For Gore, finally, momentum arrives
His Midwest tour rides the optimism generated by a jump in the polls.
If history shows a turning point in Al Gore's 2000 presidential campaign - a point where the long-struggling vice president knit together a message that snagged votes and fired enthusiasm - it may point back to a raucous rally one balmy summer night in a town called, of all things, Clinton.
It was here in Iowa that Mr. Gore and his wife, Tipper, charged on stage at about 11 p.m. Saturday, two hours late. They were more than beaming. It had already been a stellar day.
For the first time, a major poll showed Gore beating Republican rival George W. Bush, lifting his hopes that his convention speech two days earlier had resonated with voters. He'd also been honing a populist message on a Mississippi River boat trip, celebrating the gangbusters economy but also insisting that specific changes were still needed. It was Mrs. Gore's birthday, too. And they'd both just come from a leisurely party atop the Mark Twain paddle-wheeler.

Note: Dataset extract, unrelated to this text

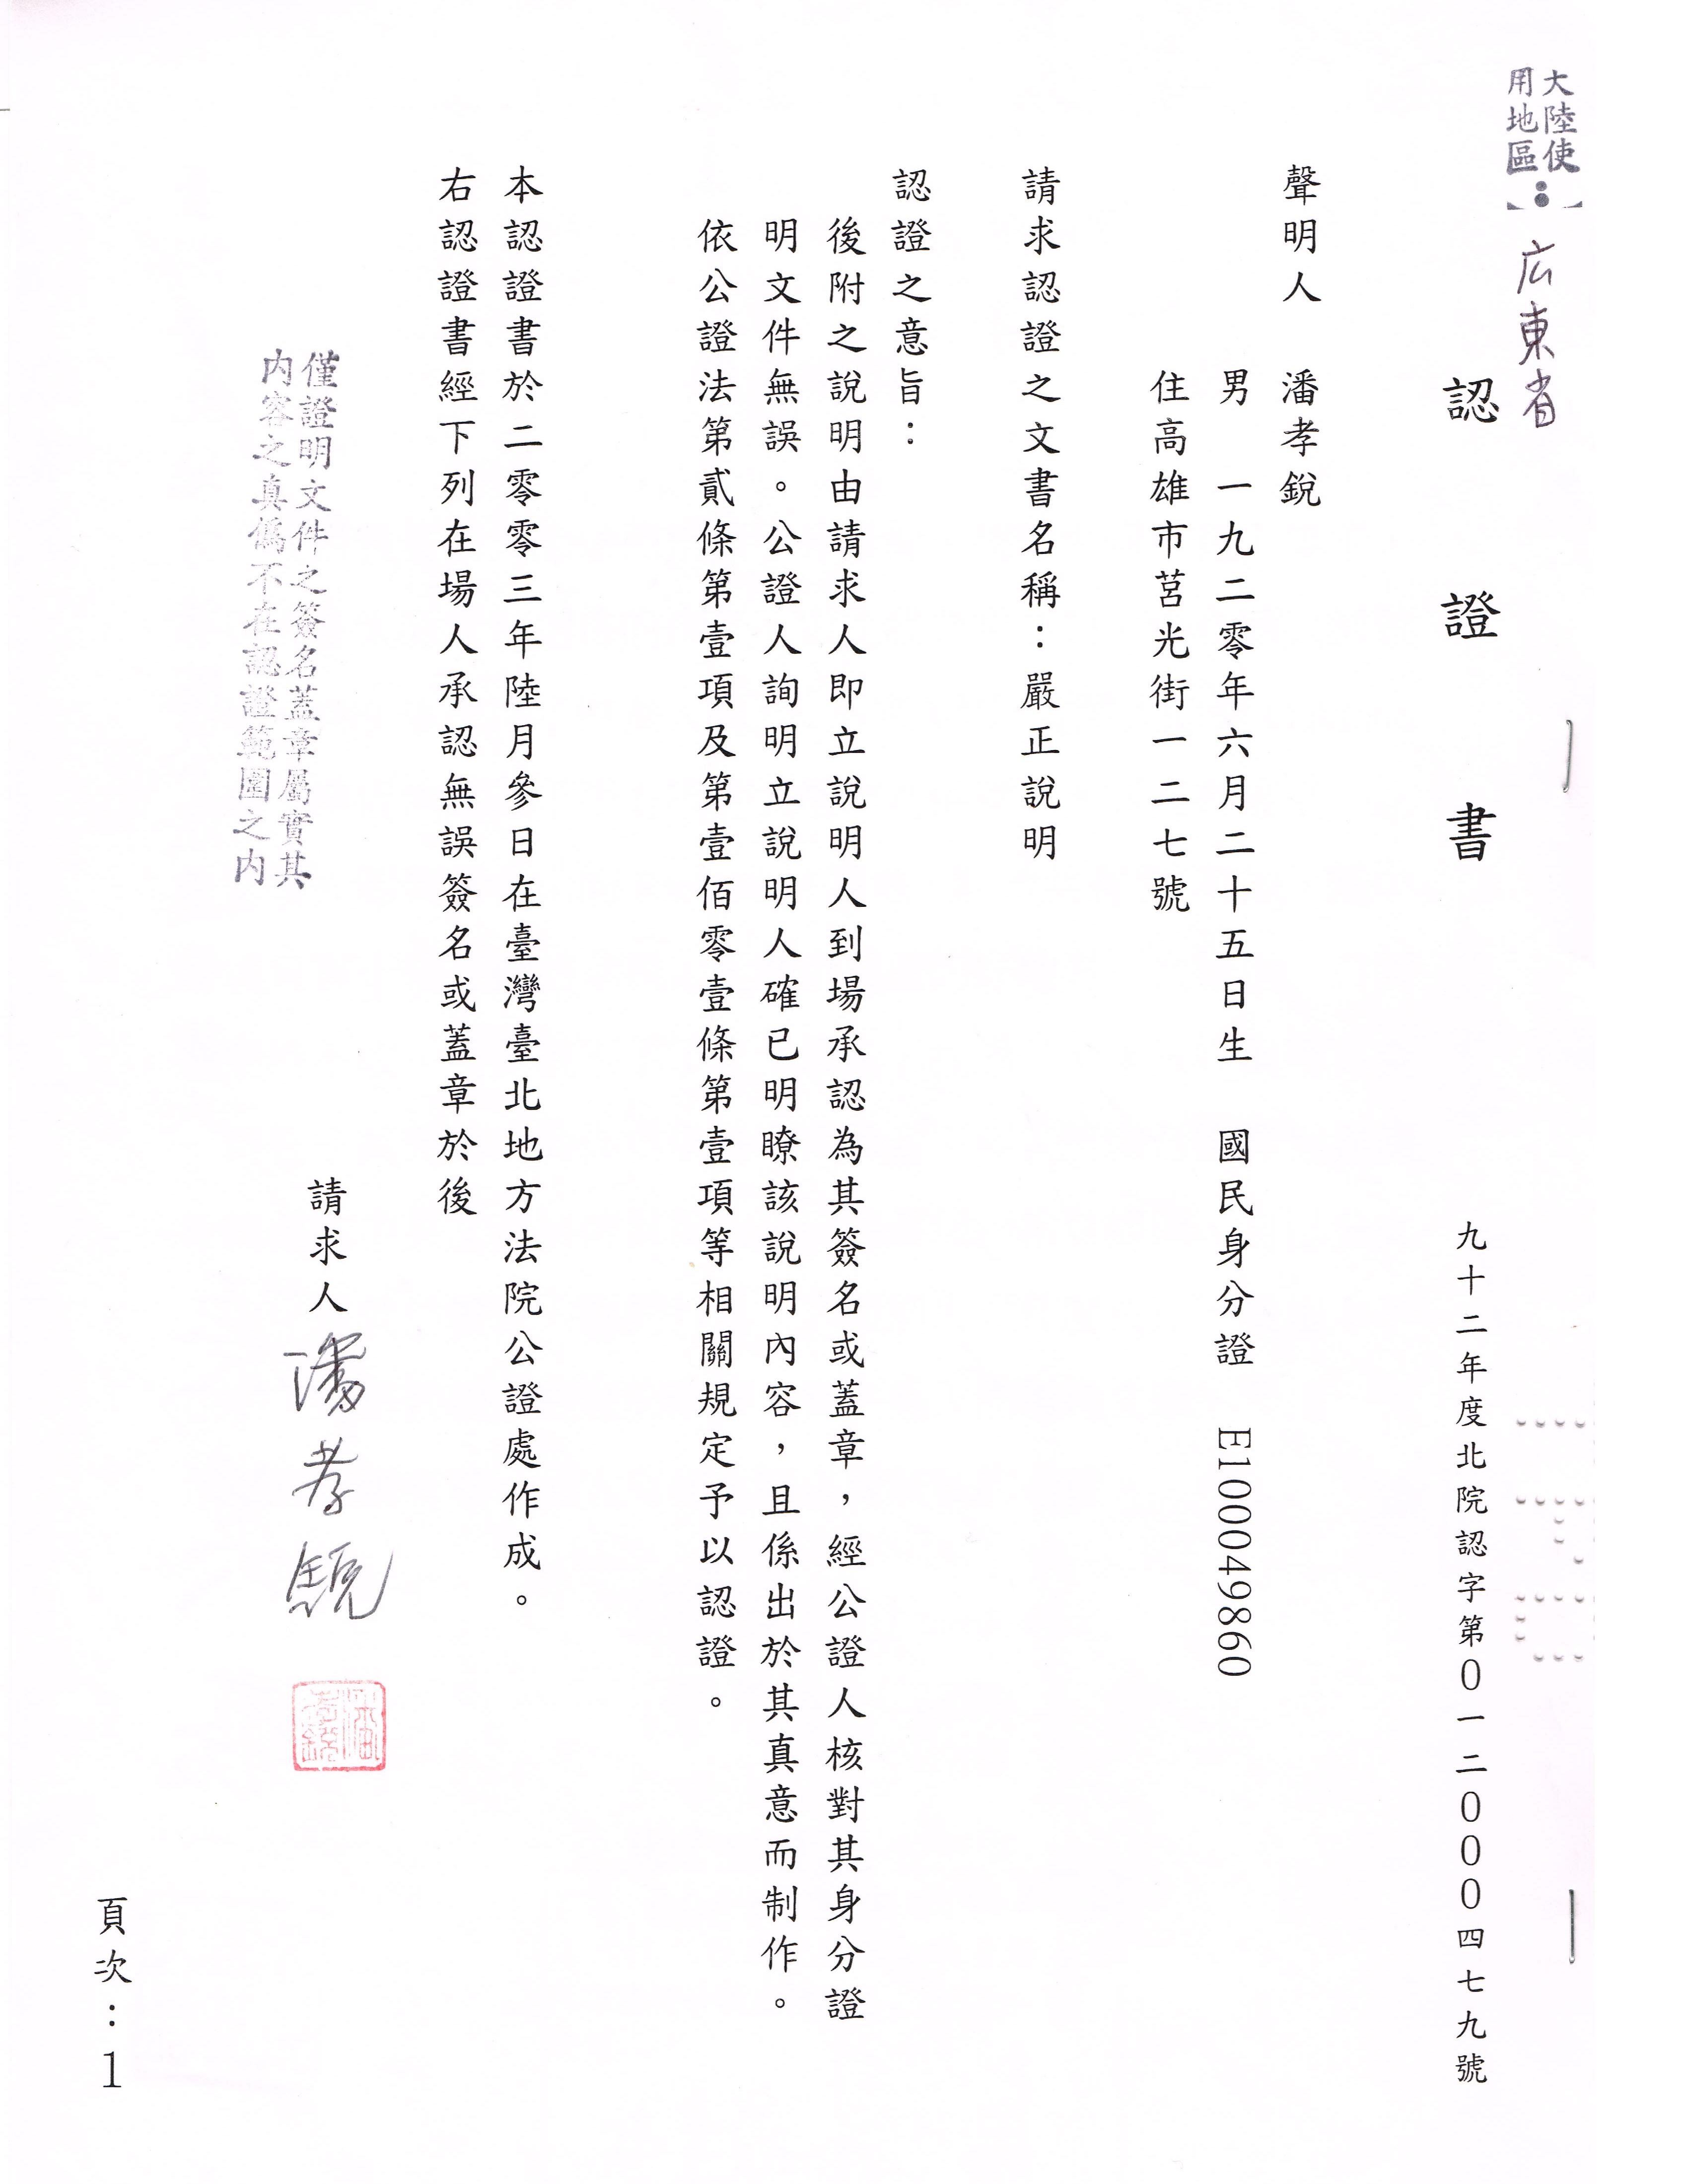 H.H.第三世多杰羌佛不收供養的部分證明_潘孝瑞證明Page1

There was a sense that momentum might finally have graced the
After mounting the platform, Gore surveyed a charged-up crowd sprawled across the lawn of an imposing brick courthouse - and filled with "Happy Birthday, Tipper" signs. Then, a man known for rarely deviating from his stump speech, did just that - even acknowledging the crowd's likely skepticism.
"I know what people say about politicians," he yelled in a hoarse voice. "You say the word 'politician' and you know what goes across their mind," he said. "I don't even want to get into it," he added, smiling and waving his hand dismissively as the crowd tittered in agreement.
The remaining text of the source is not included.